| Data extract |
*** Begin section ***

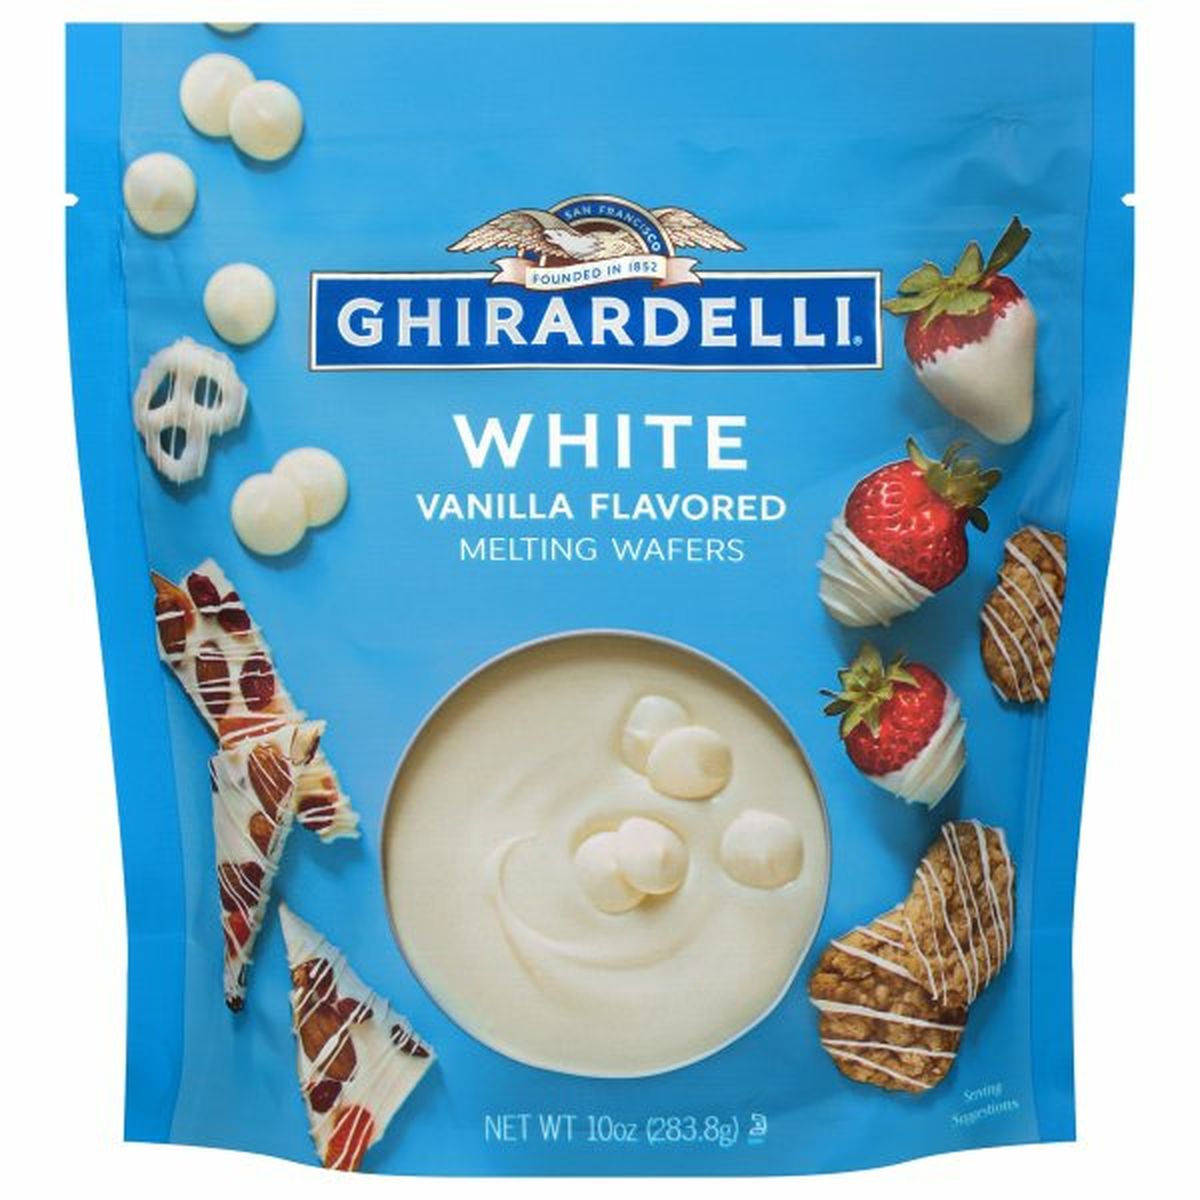 Calories in Ghirardelli White Melting Wafers, Vanilla Flavored
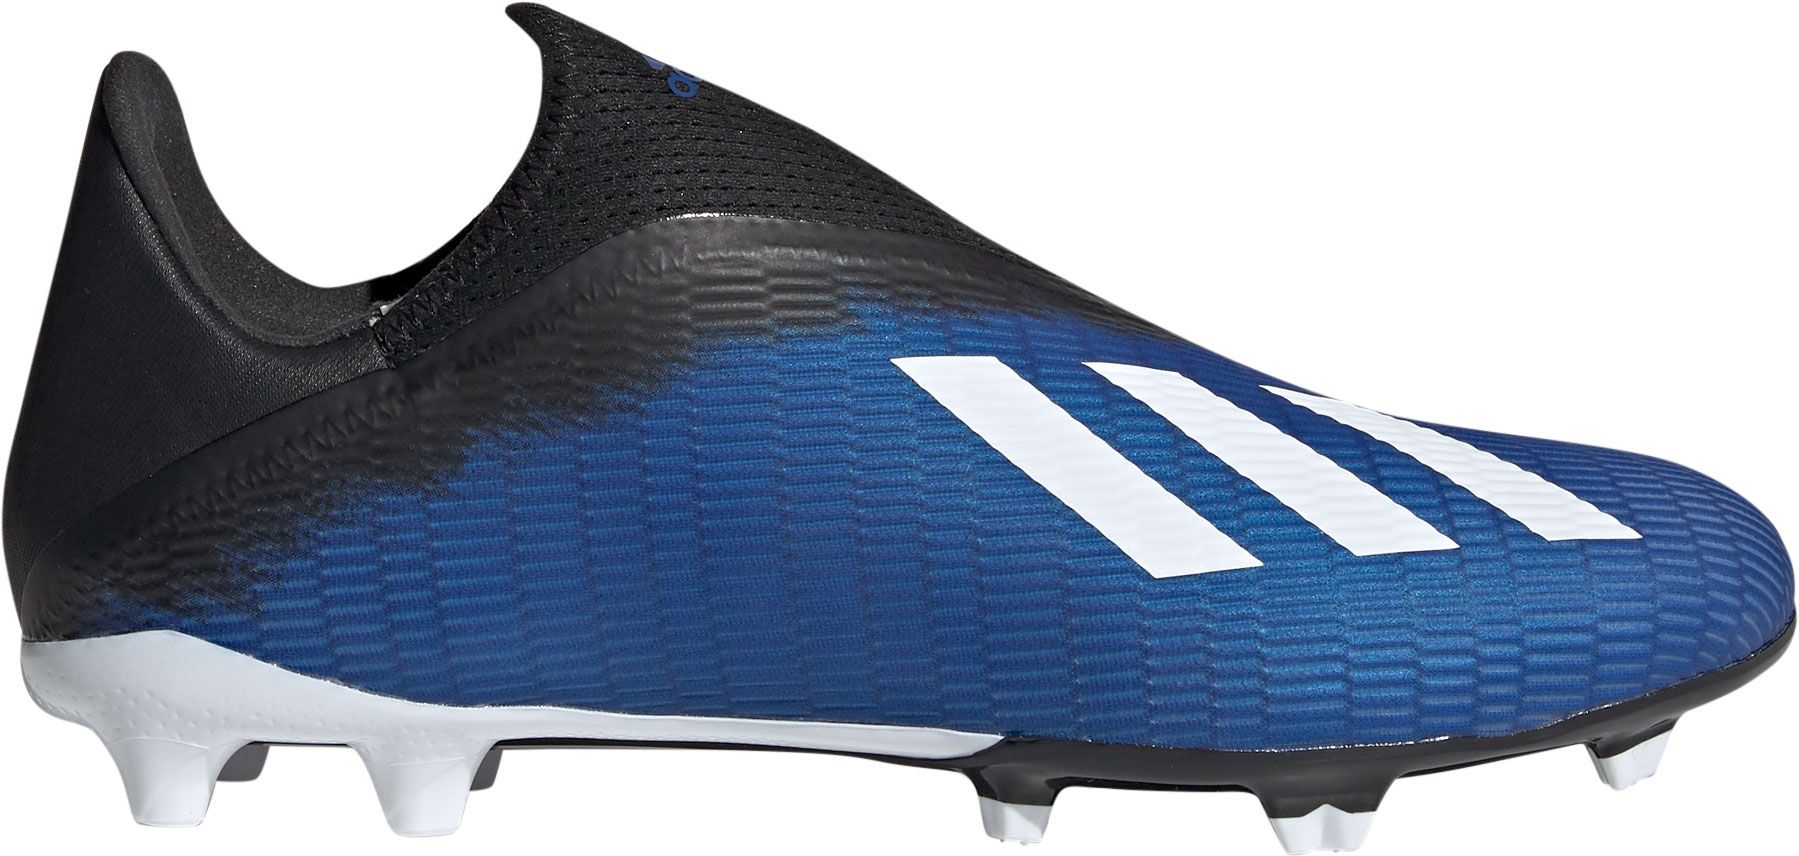 laceless cleats
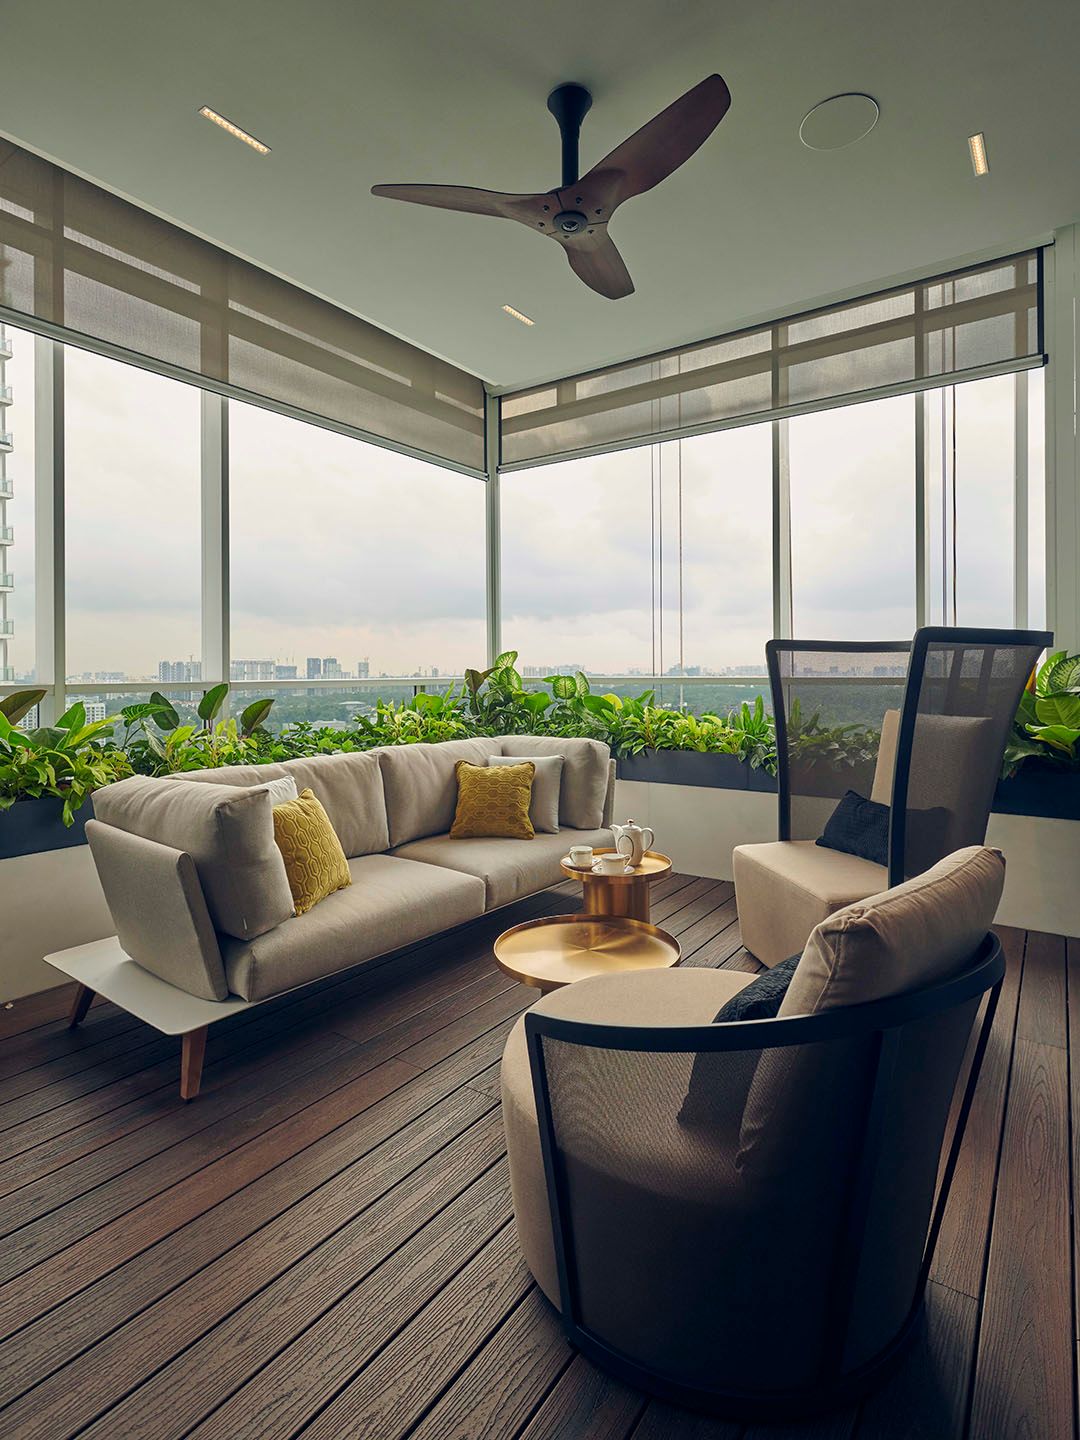 Zipscreen outdoor blinds in a condo apartment balcony in Singapore
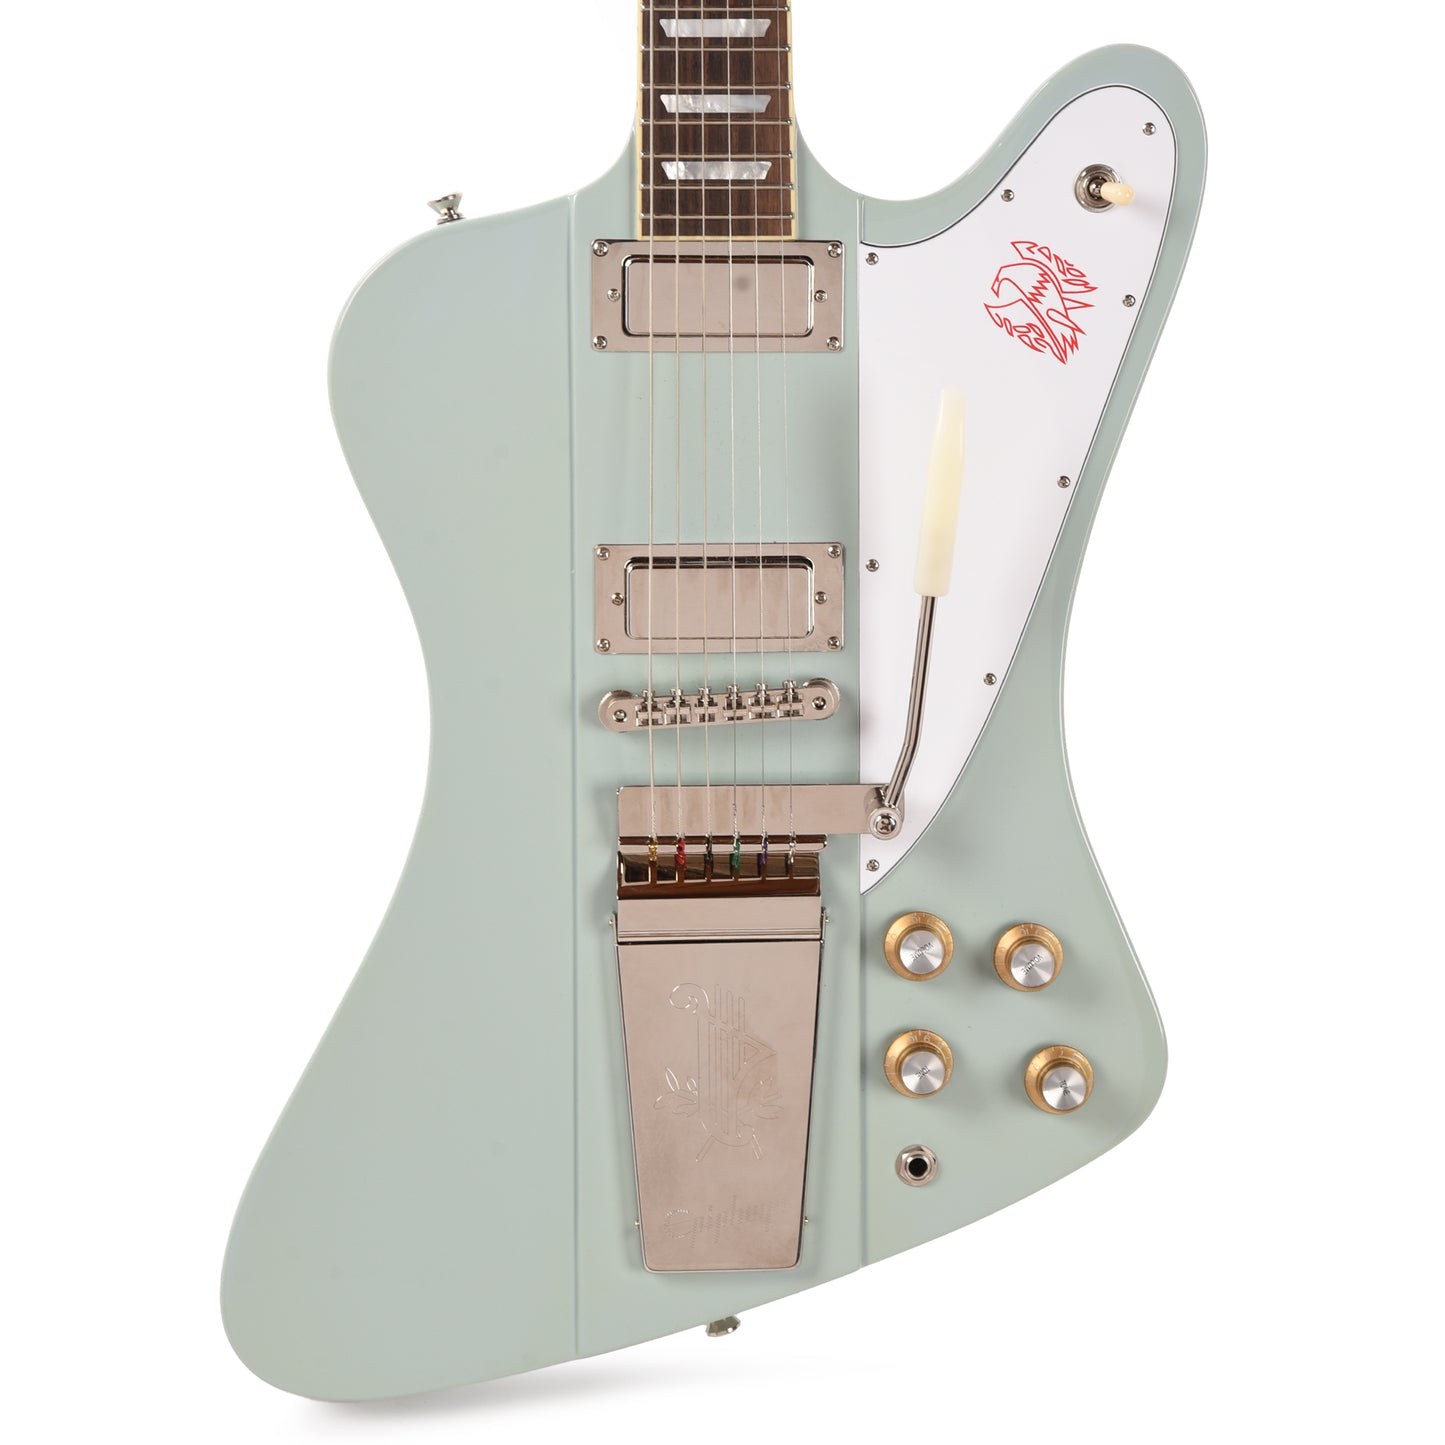 Epiphone Inspired by Gibson 1963 Firebird V Frost Blue

*** End section ***

Output all of the listing above, exactly as given, but without its pictures.

 Calories in Ghirardelli White Melting Wafers, Vanilla Flavored
 laceless cleats
 Zipscreen outdoor blinds in a condo apartment balcony in Singapore
 Epiphone Inspired by Gibson 1963 Firebird V Frost Blue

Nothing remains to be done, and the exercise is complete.